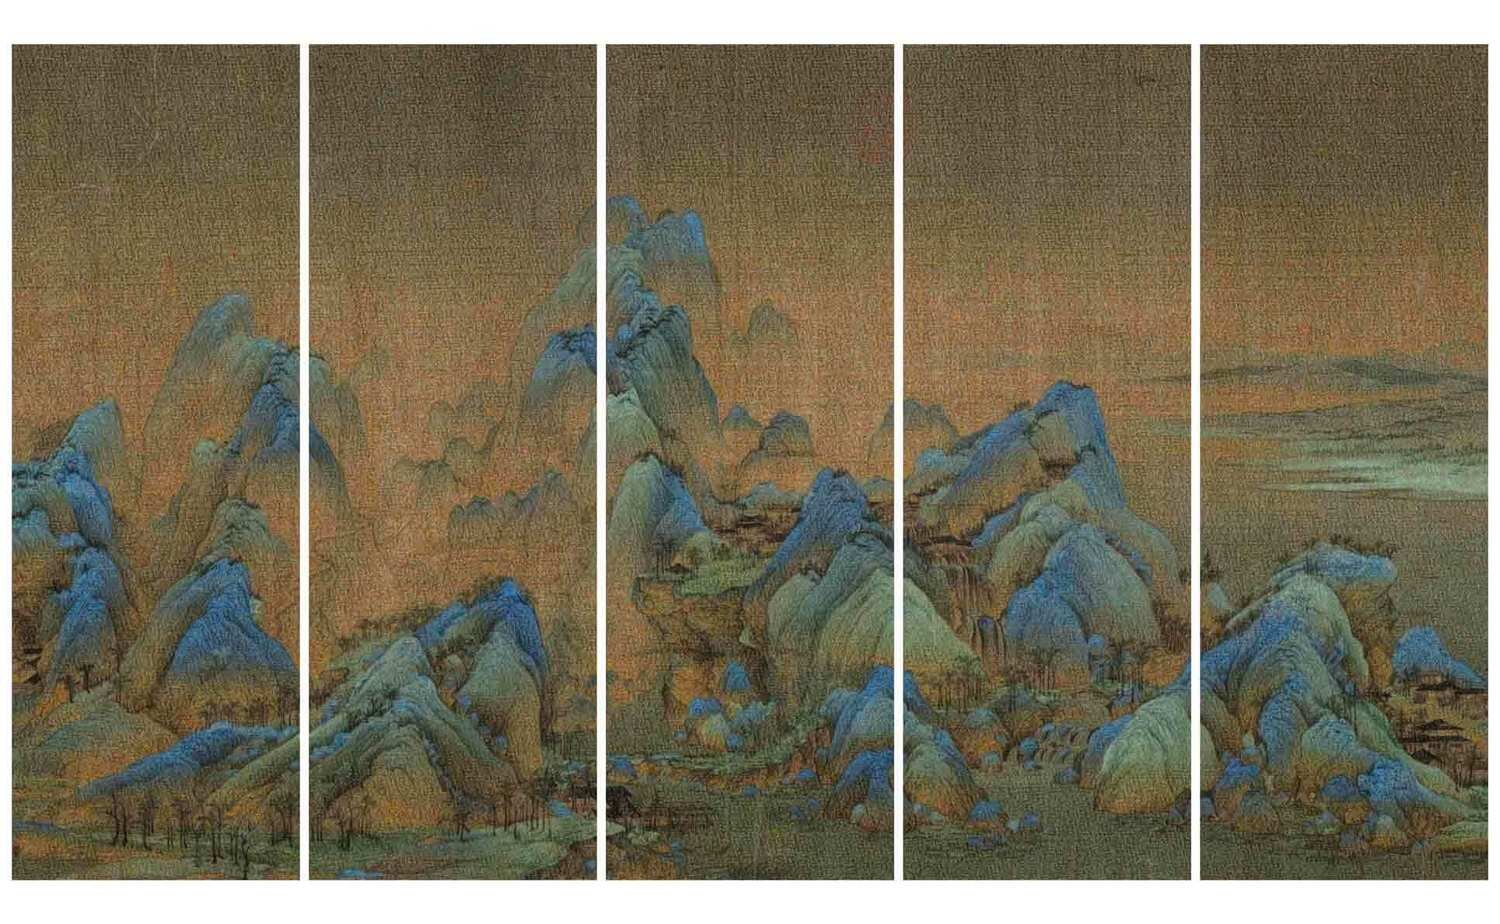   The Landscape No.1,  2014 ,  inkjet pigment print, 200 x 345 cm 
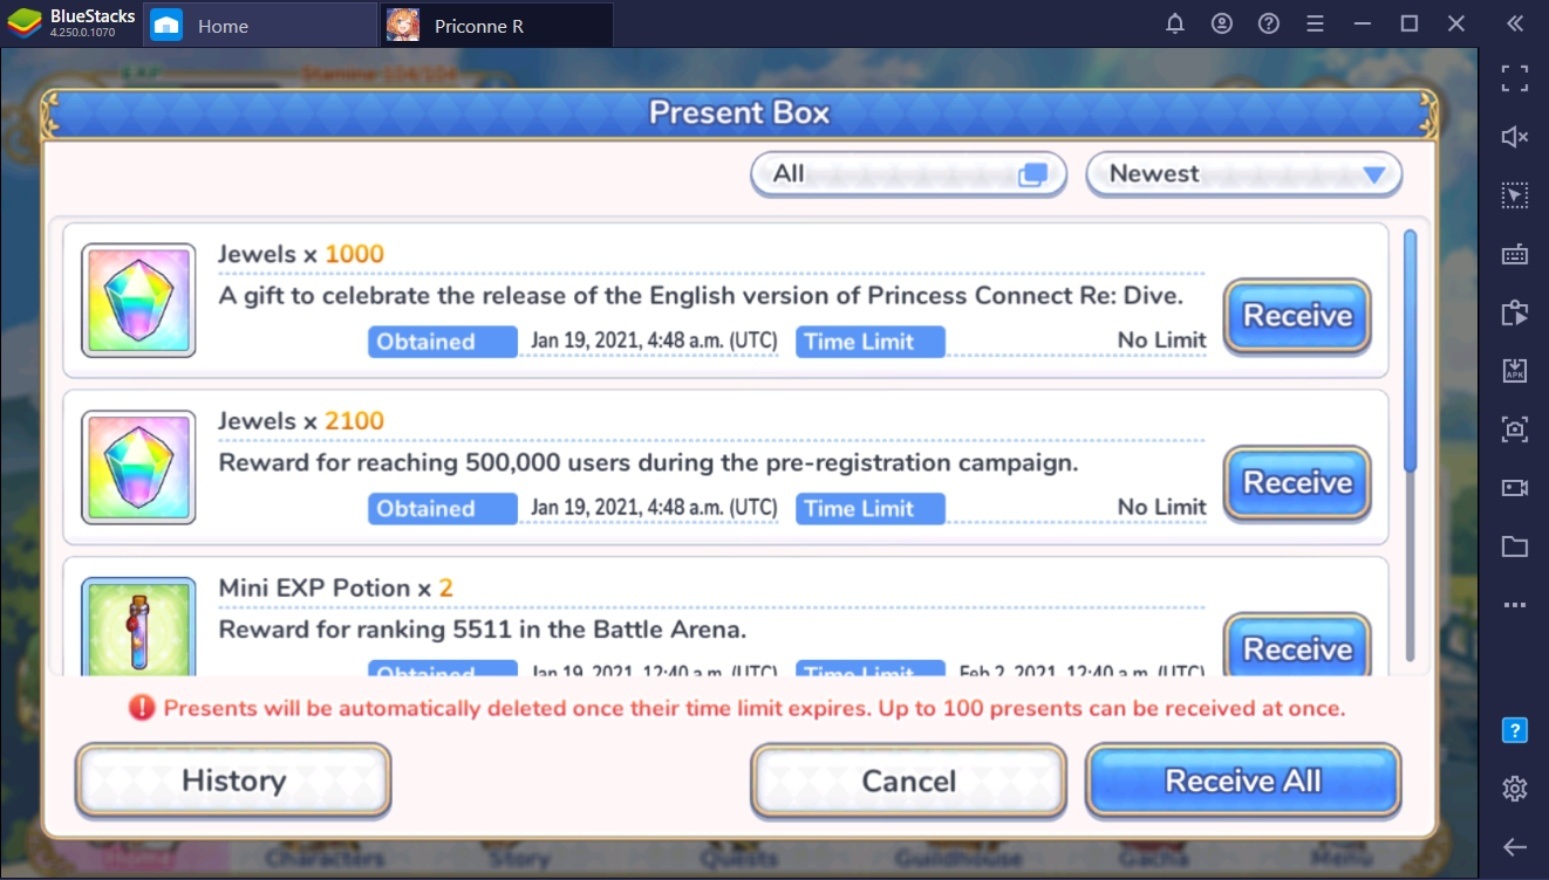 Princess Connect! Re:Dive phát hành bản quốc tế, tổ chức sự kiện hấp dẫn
...
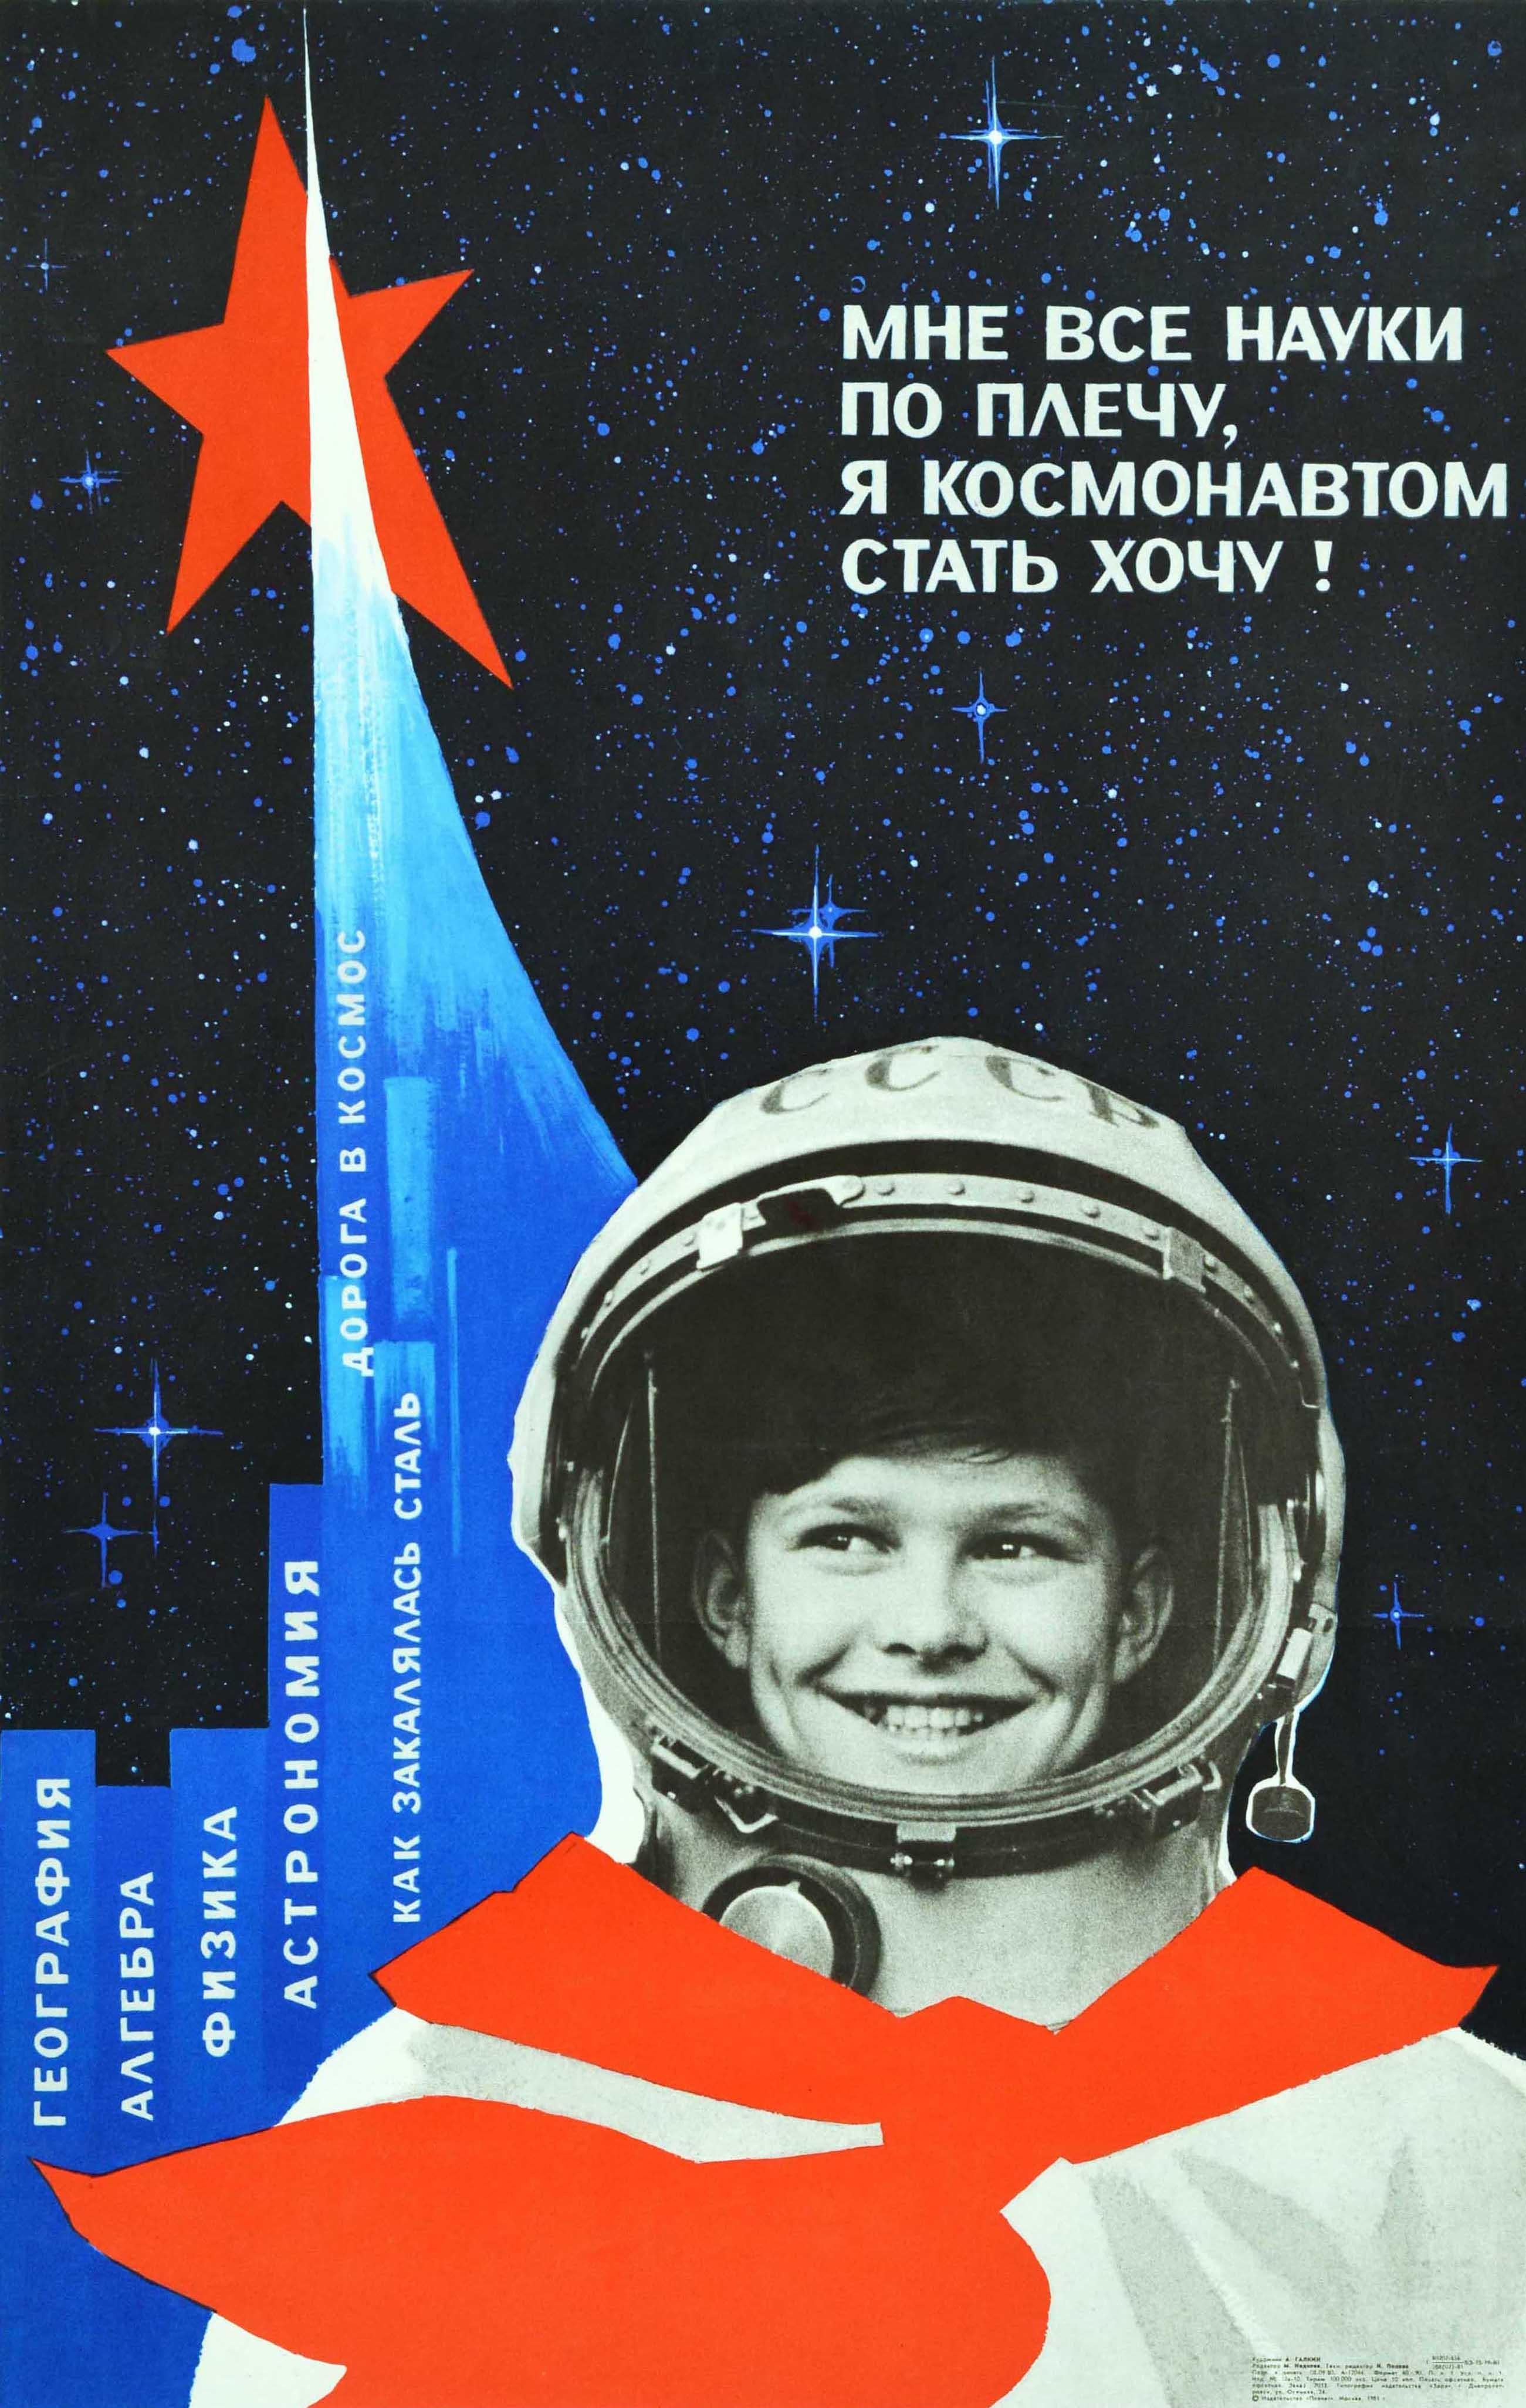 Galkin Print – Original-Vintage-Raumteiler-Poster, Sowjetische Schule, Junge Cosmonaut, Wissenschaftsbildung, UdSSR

» Requirement
Above are some entries. Restate word for word the lines from the one holding "200 x 345 cm" through the one holding "Princess Connect! Re:Dive", but not the pictures.

» Result
   The Landscape No.1,  2014 ,  inkjet pigment print, 200 x 345 cm 
 Princess Connect! Re:Dive phát hành bản quốc tế, tổ chức sự kiện hấp dẫn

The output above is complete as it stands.